▸ Task to complete:
Leave out every picture, then transcribe the rest of the listing exactly.

▸ Material provided:
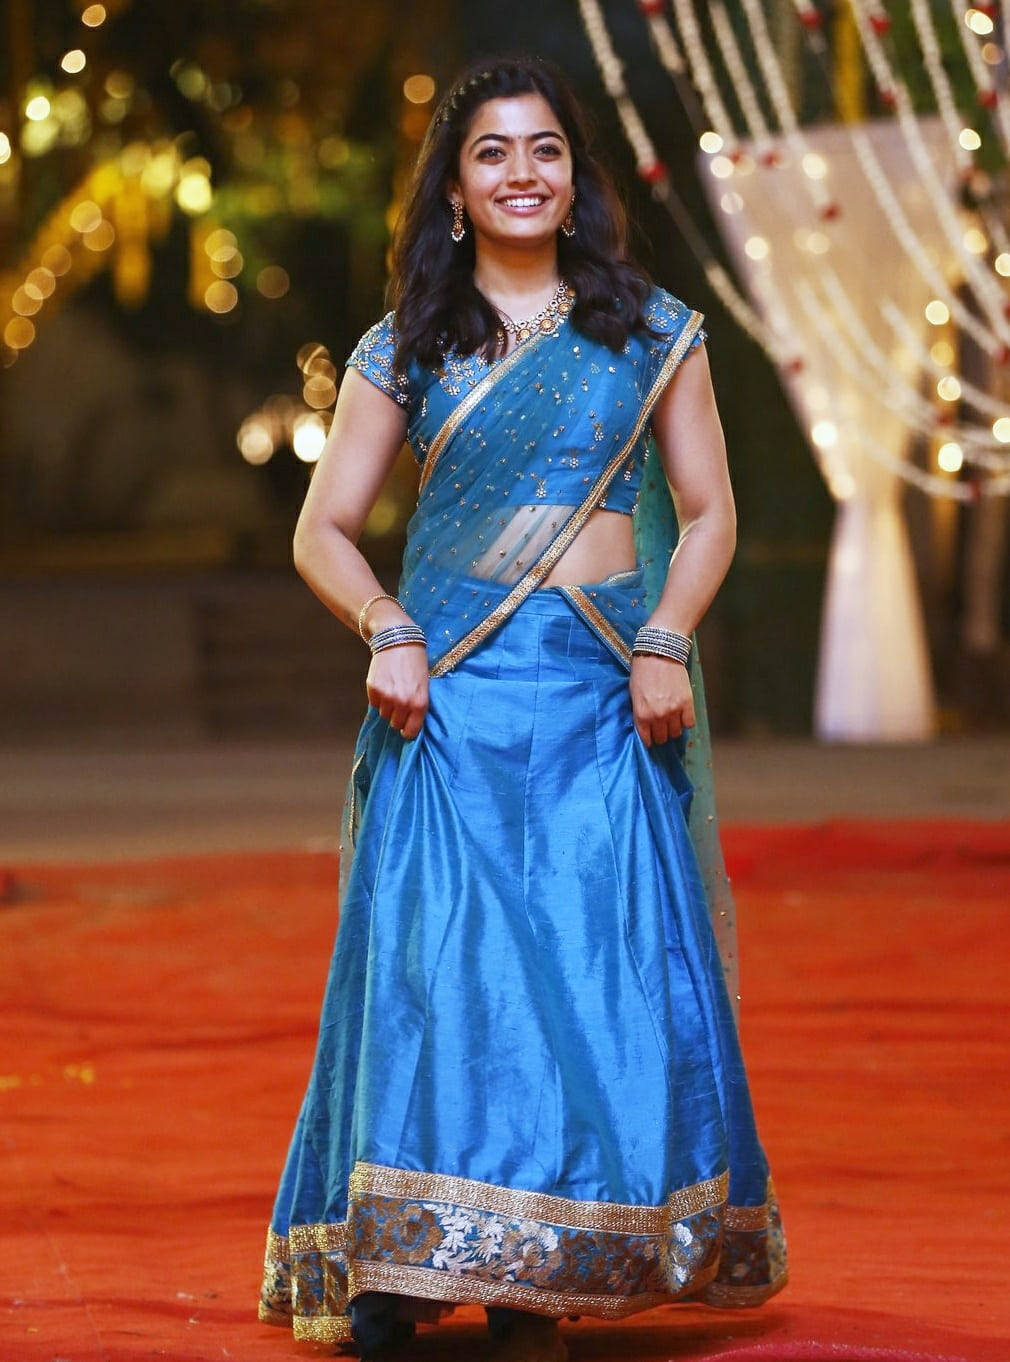 Caption: Graceful Telugu Heroine In Blue Sari
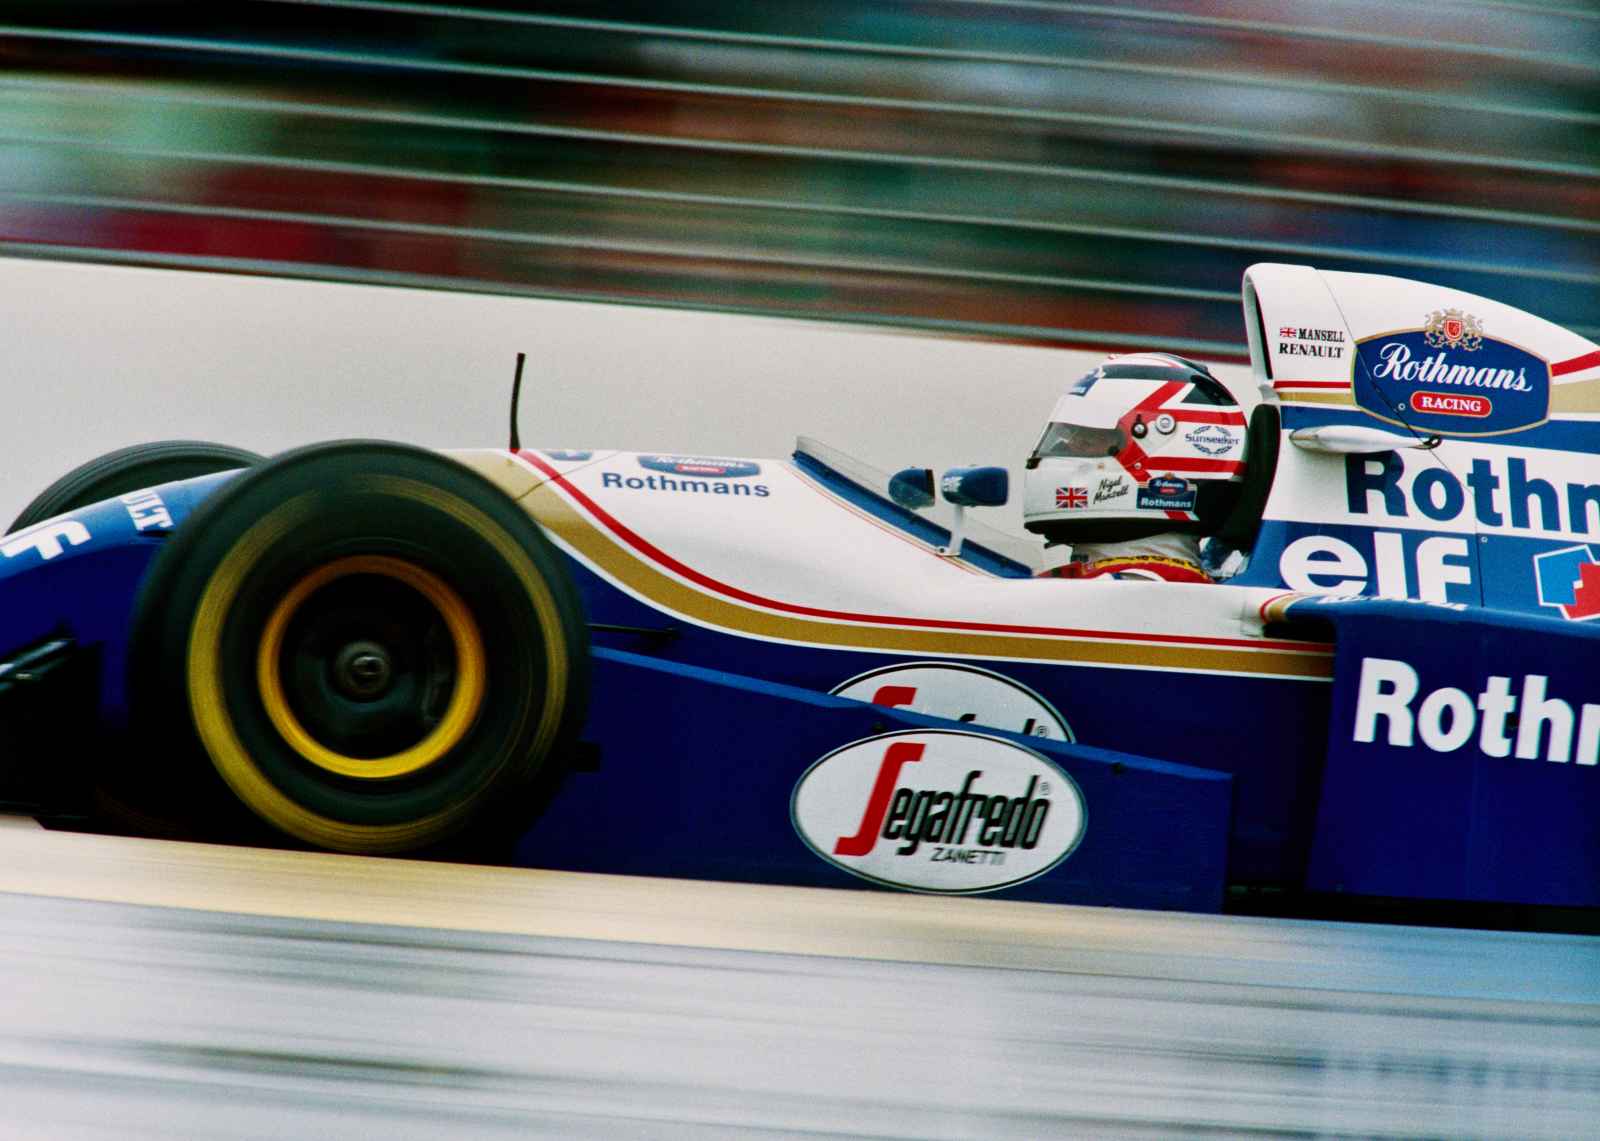 8º lugar: Nigel Mansell (ING) - 31 vitórias.
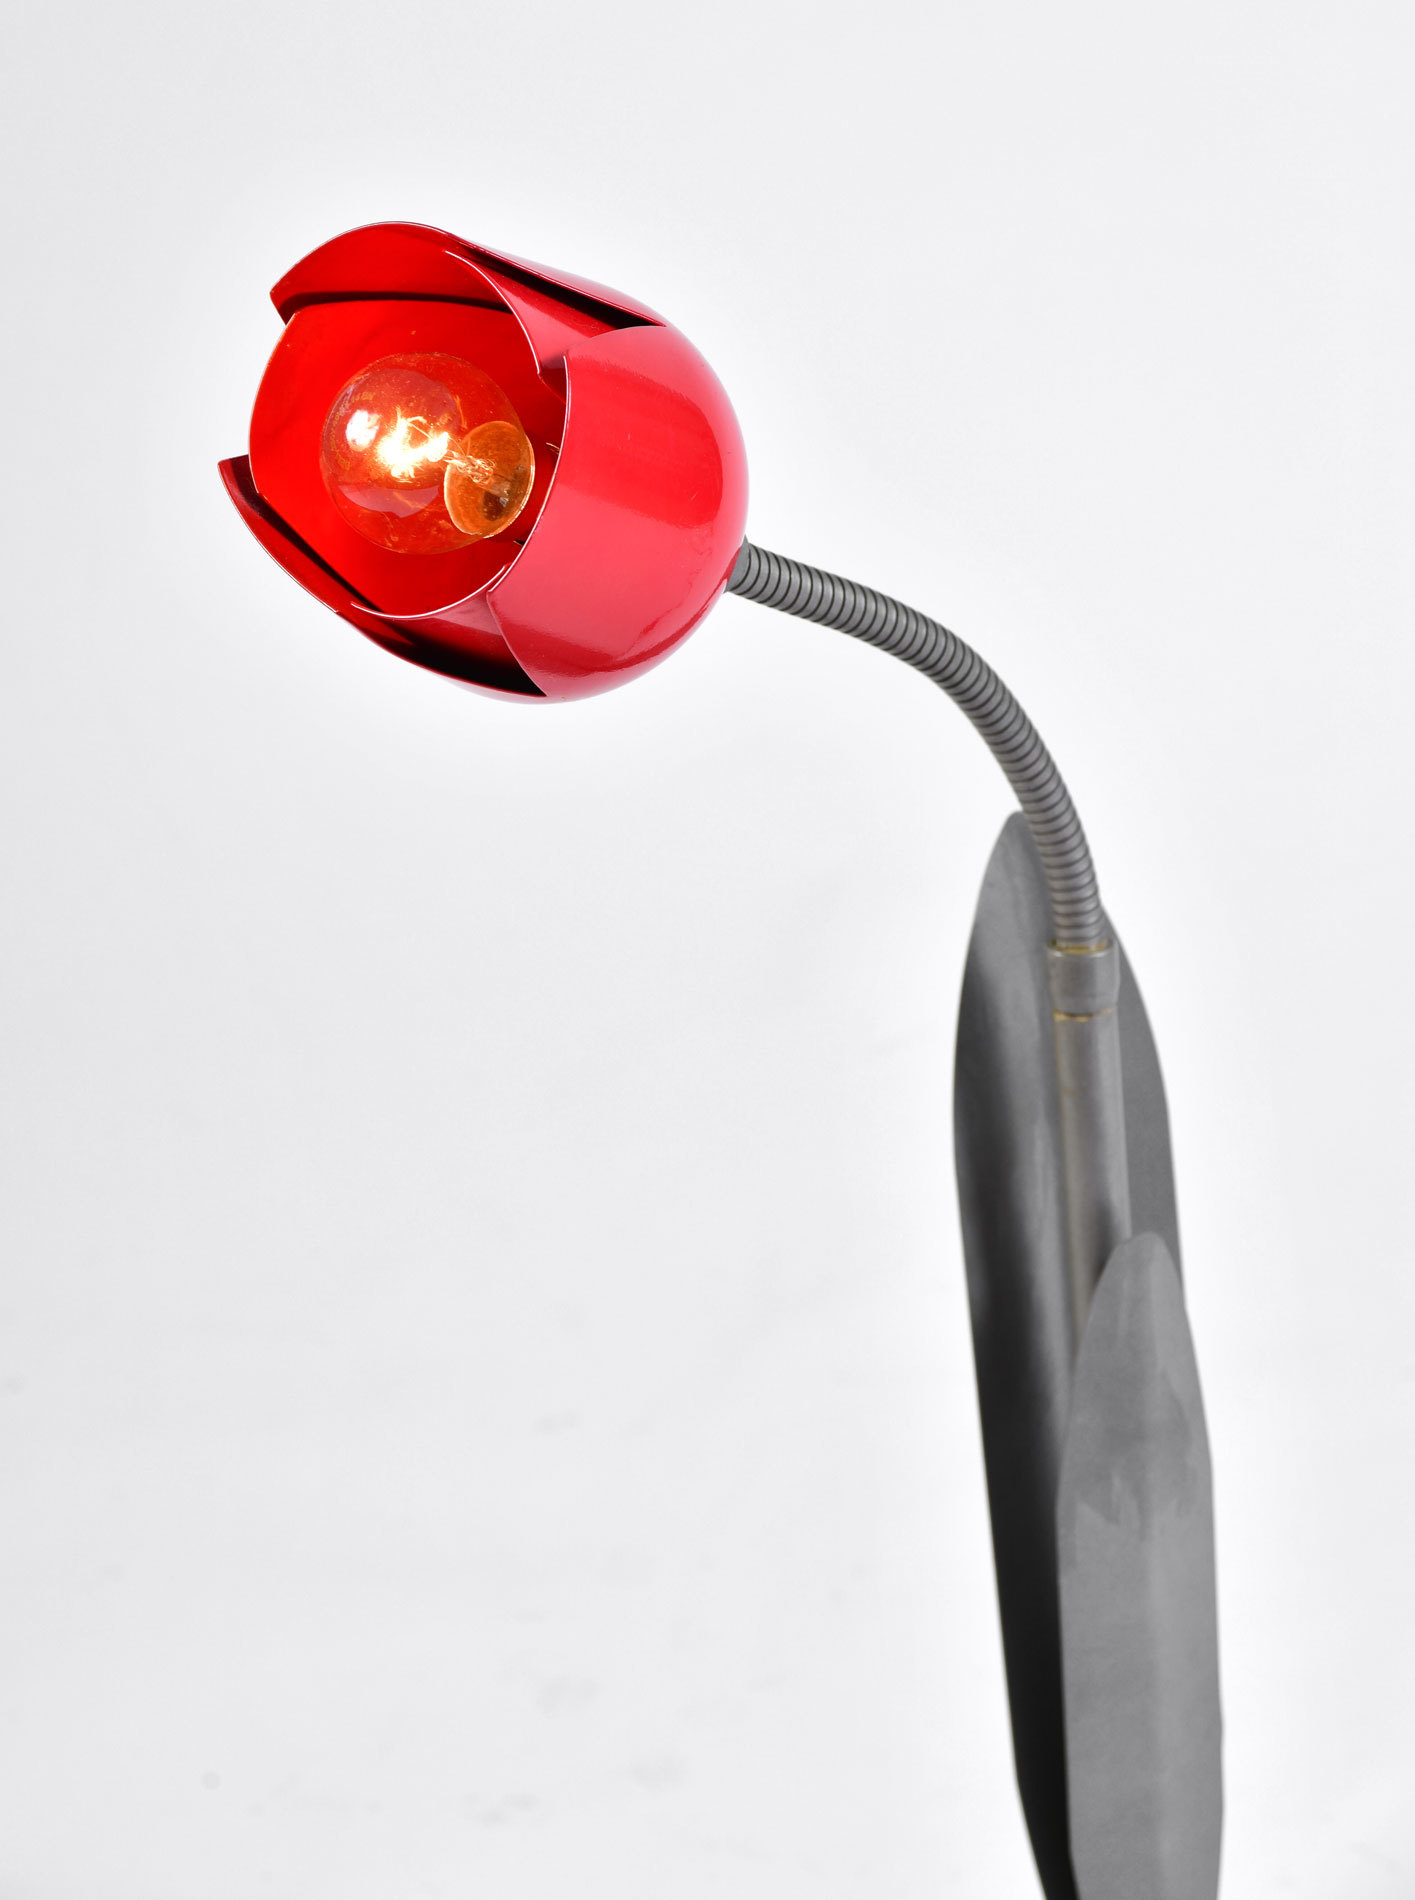 Peter Bliss Tulip Lamp 02

▸ Exercise answer:
 Caption: Graceful Telugu Heroine In Blue Sari
 8º lugar: Nigel Mansell (ING) - 31 vitórias.
 Peter Bliss Tulip Lamp 02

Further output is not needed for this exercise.